Many cheap rugs from places like rugs USA have stiff backing and very thin olefin pile, which looks pretty at first but is never comfortable and wears out quickly. We bought brightly colored rugs like this for our kids’ rooms when they were little and the rugs didn’t even make it all the way through elementary school.
There is some element of you get what you pay for here.
Anon
Oh, I don’t care about price that much, but I know when I looked at mall stores (West Elm, PB, etc) half the rugs felt terrible in person and were clearly meant for looks only.
BlueAlma
My Costco shag rug.
Anonymous
I’m 31 and have $10,000 cash saved for the first time in my life!
Anon
Congrats!!! That’s a huge milestone!
Anonymous
Congrats!!!
anonshmanon
Yay! I remember that moment, I felt such a sense of relief and security. Happy for you!
Anon
YAY!!! I’m 39 and reached that milestone for the first time in December! It’s such an amazing feeling, right??
anon
Well done! That’s a good feeling and I hope you savor that feeling and celebrate achieving this goal!
Aunt Jamesina
Yay!
Senior Attorney
Hooray! Heartiest congratulations!
emeralds
Congrats! It’s a great feeling!
Anon
Good for you!!
Mal
I did the same recently (at 30!). Congrats! Feels good, man.
Thanks, it has pockets!
Woooo, high five! I’m also 31, and hitting savings milestones like that is huge. Keep it up!
Anon
Congratulations!
anon
Any ‘rettes have suggestions on how to keep pressure on your rep to resign or otherwise start taking accountability for their culpability in supporting the attempted coup last week? I can call my rep, yes, and even if his answering machine is not already full, I suspect he is banking his support of the sedition will turn into a presidential run in ’24, especially if Trump is out of the picture. I don’t believe he can be shamed into doing the right thing.
I know Cori Bush (not my rep) and possibly others are drafting legislation that would provide repercussion to my rep and others who are supporters of sedition. I just do not know how to support that effort. Any ideas?
Anonymous
Has he/she disclosed any of their donors? can you find that on their Twitter? Or via lincoln project? Call/email their donor companies and tell them to denounce the rep/ask for their money back like Hallmark did with Harley. cut off the money, it’s the only thing they care about.
Anon
This has made an impact for us-we have received a lot of emails and social media and are not going to give money to those elected officials.
Anonymous
Email using the form on their website. They get logged and counted/analyzed. “Sir, looks like constituents are p1ssed.” “Sir, the Trumpists are still with you!”
anon
I’ve been emailing. Who knows if it’ll do any good, but it feels better than sitting on my hands and not doing anything.
anon
Talk to me about how you engage in political discussion. Do you keep it among yourself and those nearest and dearest? Share articles on Facebook and other social media channels? I truly do not know how to influence others when people keep their opinions mostly buried under the surface, but every once in a while, say or post something that leads me to believe they are OK with what’s happening now. What we’re witnessing right now is horrifying, and I feel the need to speak up and shout THIS IS WRONG, WRONG, WRONG. I’m not interested in virtue signaling, but HOW do you influence people who, in your opinion, have been politically brainwashed (especially by their fundie churches — fascinating discussion yesterday, btw). I don’t think it’s good to live in our echo chambers, but that’s where I’m headed if I completely ignore everyone I interact with semi-regularly (moderate-to-lefty here, who lives in a red state).
Anonymous
It depends on the subject and the audience.
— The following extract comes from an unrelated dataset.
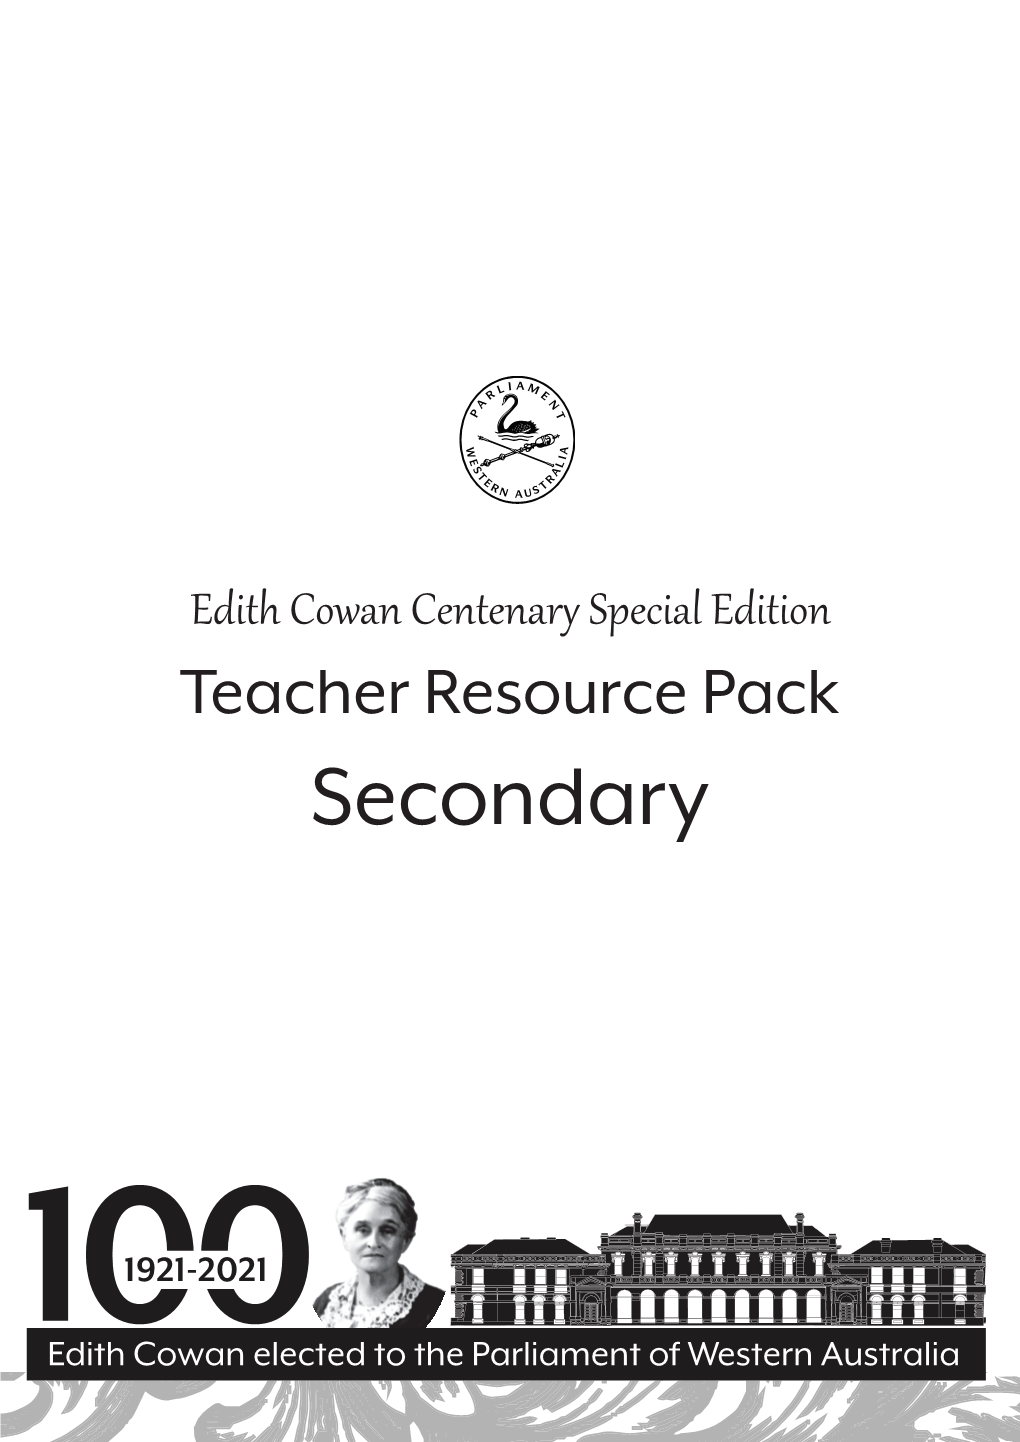 Edith Cowan Centenary Special Edition Teacher Resource Pack Secondary

Some topics are 100% untouchable on the left and I feel like you can’t even start a conversation, but on the right, I find that people are even more wedded to their narratives. They might listen to you and not think you’re a monster for wrongthink like the left will, but they won’t actually change their minds at all or be open to the possibility. We are currently dealing with a Trump-supporting family member who has decided that minimal engagement is the way to go – if someone tells him that they’re scared about the implications of last week’s riot, he’ll say “scary!! tough times” and then change the subject. It’s like a brick wall.
Cb
Men Yell Things at Me had a really fascinating (and alarming) discussion about churches and the pandemic and Trump.
Anonymous
Direct engagement /contact is most effective. Easy to avoid a FB post someone shares, harder to ignore a direct personal text. Still sharing stuff on social media but I know only direct contact would have a shot to change minds. I like the Lincoln Project for info that Republicans might care about – like how Forbes magazine came out against companies hiring Trump staffers or how Walmart is not contributing to campaigns of those who voted against democracy.
Anonymous
I don’t discuss politics on social media at all because I’m afraid of the repercussions professionally, not only that but my beliefs are ‘extreme’ to most people (yes Amazon is always bad, no exceptions) and I’m not really interested in arguing with people. So I just quietly live my life knowing I am a good person and don’t worry about showing that to others.
anon
Are you trying to influence people or rebut them with facts and the truth? If influence, especially on social media, be prepared to leave a lot of comments and for your words to be anything from ignored or twisted in meaning. If rebutting with the fact and truth – post news articles or be direct “[what you posted] apears to be condoning what happened. Is that your goal? What happened is wrong, wrong, wrong”. And then move on accepting you may be unfriended or what not. Social media does not seem to be a good platform to engage in real discussions or debates. It appears to me social media is actually an excellent platform for people to cause harm, dissention, even plan a coup using the soundbites of their choice.
anon
I don’t think social media is helpful at all in opening dialogue or actually changing people’s minds.
Direct interaction with people who have different opinions than you, with whom you have something in common unrelated to politics. That’s why it matters a lot to build up our civil society and to build a wide range of relationships. That’s why getting outside our echo chambers matters. That’s also why, IMO, we’ve been particularly susceptible to political violence this year – because due to COVID, a lot of the events and activities and spaces that constituted our common life have been cancelled or closed.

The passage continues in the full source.